Milliyet’ten Mert İnan’ın yaptığı habere göre Boğaziçi Üniversitesi Kandilli Rasathanesi ve Deprem Araştırma Enstitüsü, Marmara Denizi’nden geçen 130 kilometrelik faya yönelik olarak 2013 yılından bu yana sürdürülen araştırmanın sonuçlarının bir bölümünü açıkladı.Enstitü Müdürü Prof. Dr. Haluk Özener, deniz tabanına yerleştirilen cihazlar ile gözlem yapıldığını ifade ederek, elde edilen verilere göre Tekirdağ-Şarköy açıklarından Marmara Ereğlisi açıklarına uzanan fay hattındaki deprem riskinin, Silivri’den-Büyükçekmece açıklarına uzanan orta segmentten daha düşük olarak yorumlanabileceğini dile getirdi.
Prof. Dr. Haluk Özener, depremin büyüklüğünün 7’nin üzerine çıkacağını, tarih veremediklerini belirterek “Bu aşamada yapılabilecek tek şey deprem zararlarını azaltmak” dedi.

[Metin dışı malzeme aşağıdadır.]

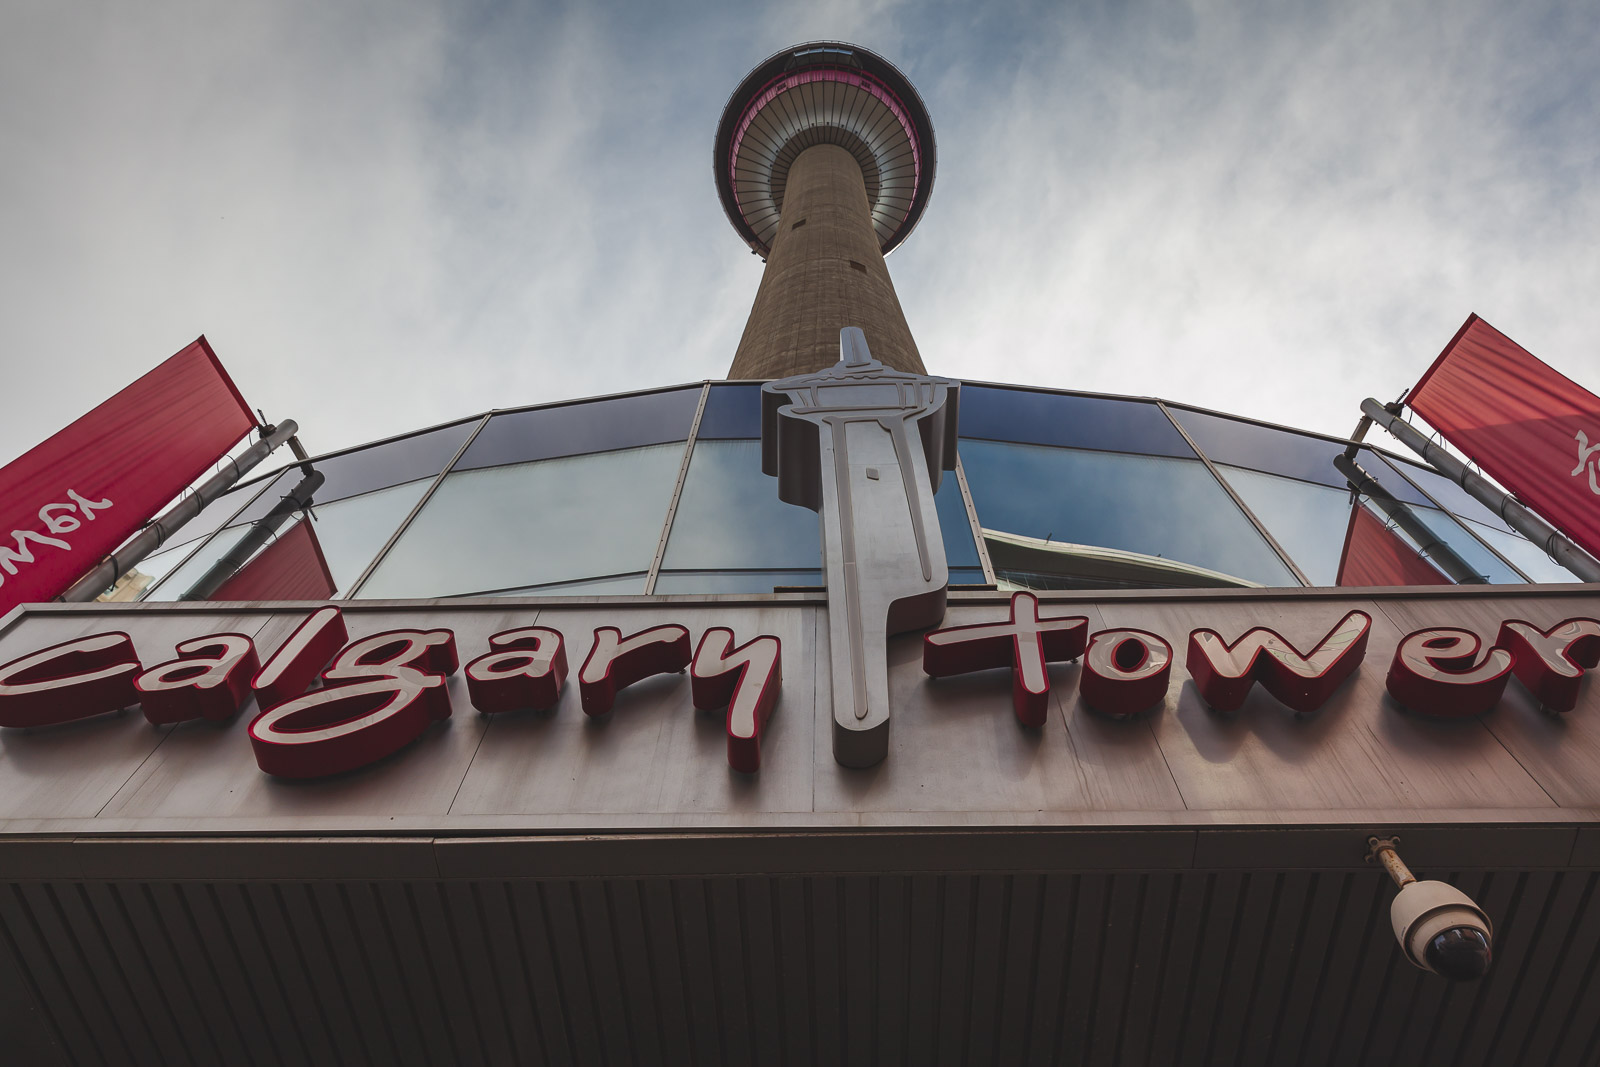 things to do in Calgary - calgary Tower Alberta

“Veriler batı segmentindeki enerjinin daha yavaş biriktiğini gösteriyor”
Kandilli Rasathanesi Bölgesel Deprem-Tsunami İzleme ve Değerlendirme Merkezi Müdürü Dr. Doğan Kalafat, denizde tek bir fay parçasının olmadığını, kendilerinin ‘batı, doğu ve orta segment’ olarak ayırdıklarını ana fay parçasının izlendiğini ifade etti.
Dr. Doğan Kalafat, batı ve orta segmentte gerçekleştirilen çalışmaların bitmek üzere olduğunu, İstanbul’daki Prens Adaları açlıklarından Çınarcık-Yalova açıklarına uzanan doğu segmentine ait verilerin salgının sona ermesiyle ele alınacağını belirtti.
Müdür, verilerin batı segmentindeki enerjinin daha yavaş biriktiğini ve alandaki depremlerin daha derinde meydana geldiğini, bu sebep ile de batı segmentte deprem potansiyelinin göreceli olarak daha az risk taşıdığı şeklinde yorumlanabildiğini kaydetti.
“Yaklaşık 250 yılı aşkın süredir deprem olmamış…”
Kalafat, şunları kaydetti: “Özel ölçüm cihazlarından alınan bilgilerin analizinden yararlandık. Batı segmentindeki yoğun enerji boşalımı söz konusu. Ancak orta Marmara’da daha sıkıntılı bir tablo söz konusu. Bu segmentte en son meydana gelen depremin 1766’da olduğu çeşitli bilim adamları tarafından kabul edilmektedir. Yaklaşık 250 yılı aşkın süredir deprem olmamış bir alanda riskin daha fazla olduğunu söyleyebiliriz.
Ayrıca orta segmentte Japonlar ile yaptığımız çalışmada, sismik hızlarda değişkenlikler, hız kontrasları görülmüştür. Düşük hıza sahip alanlarda sismik aktivite daha yüksek ancak sismik aktivitenin düşük olduğu alanlarda sismik hızların yüksek olduğunu gördük. Eldeki verilere göre Silivri açıklarından Büyükçekmece’ye doğru uzanan orta segmentin gelecekte meydana gelebilecek depremler için aday olduğu şeklinde yorumlanabilir. Hız kontrasları olası kırılmanın olacağı yerleri gösteriyor. Yalova açıklarından Prens Adaları’nın önünden doğru uzanan parçadaki çalışmaları henüz tamamlamış değiliz. Şimdiye kadar elde ettiğimiz verilere göre yüksek anomalilerinin görüldüğü orta segment (Silivri-Kumburgaz-Büyükçekmece) açıkları. Olası kırılmanın beklendiği alan olarak öne çıkıyor.”